═════ DATA
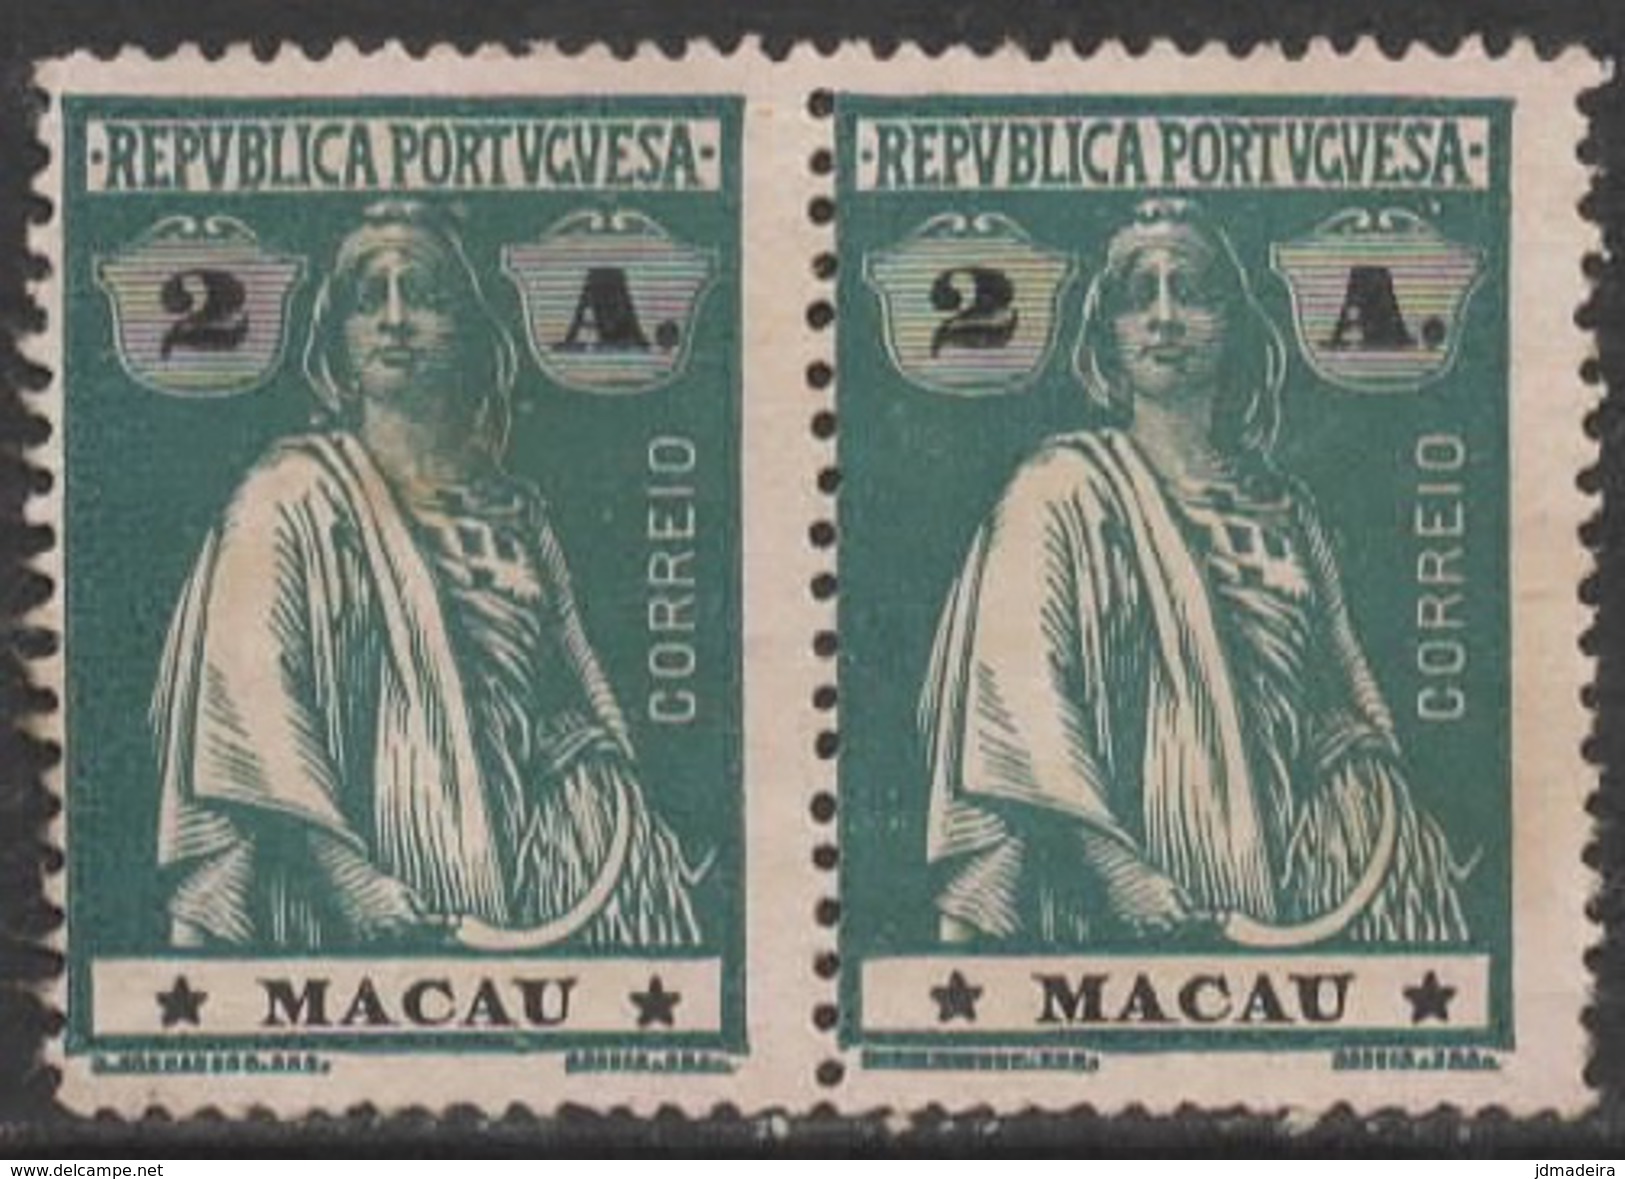 Macao Macau &ndash; 1913 Ceres Type 2 Avos - Unused Stamps
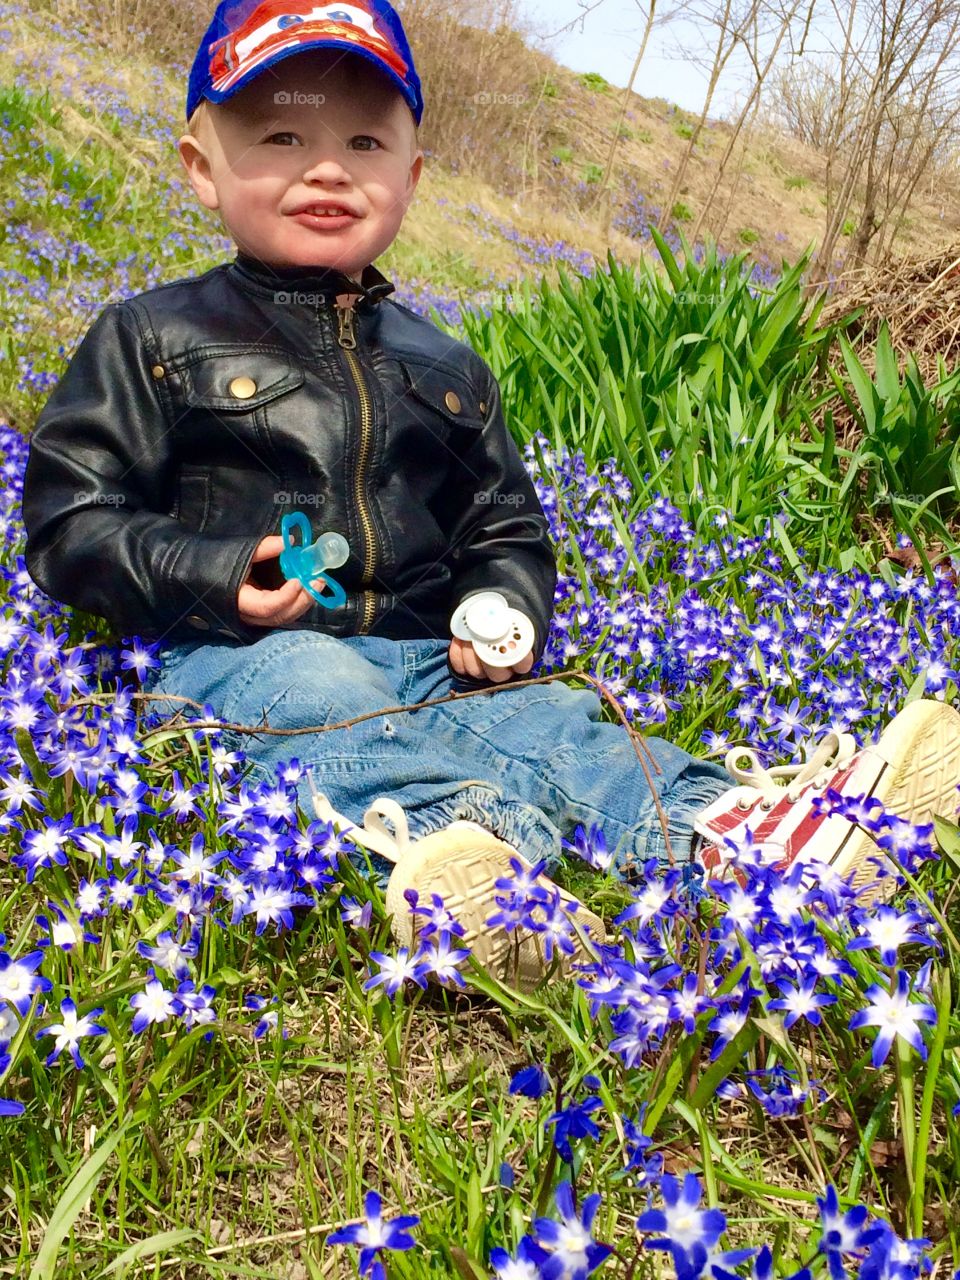 Happy in spring.. A little boy in a sea of flower.
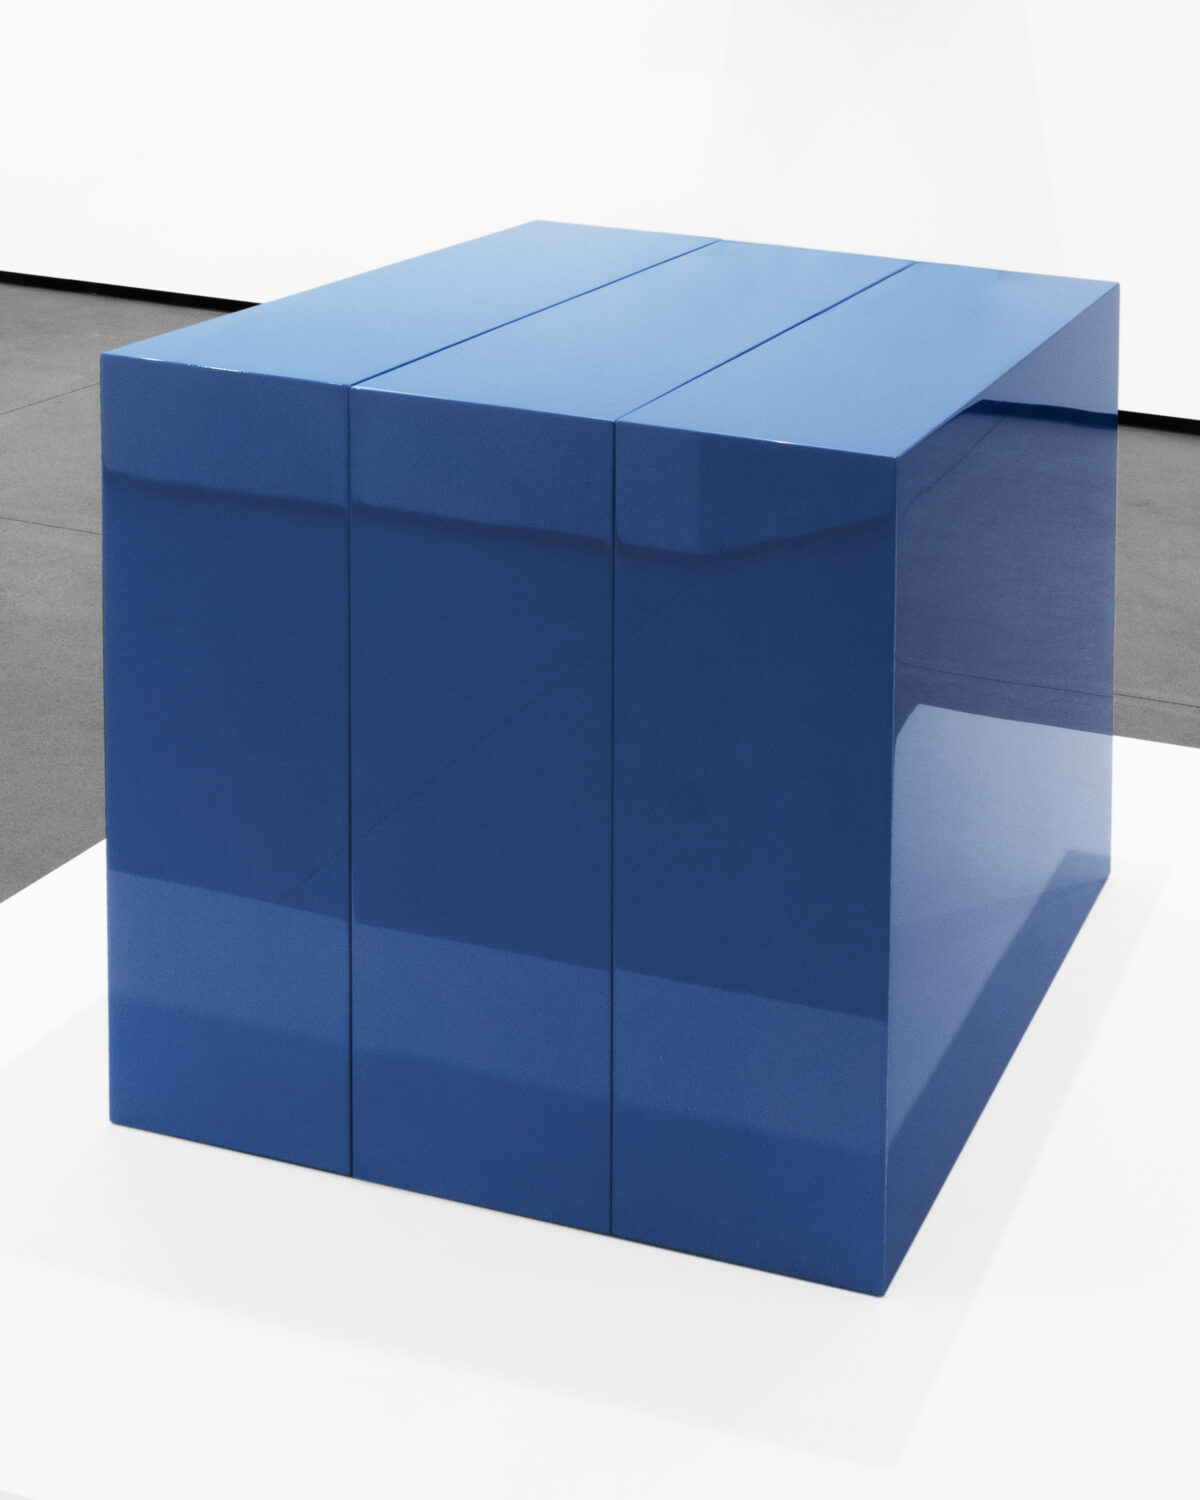 A blue, shiny box.
══════════
WHAT YOU HAVE TO DO:
Here the lines from the one with "Happy in spring.." through the last line of the data above need to be repeated exactly, both included, and any picture omitted.

EXERCISE RESULT:
 Happy in spring.. A little boy in a sea of flower.
 A blue, shiny box.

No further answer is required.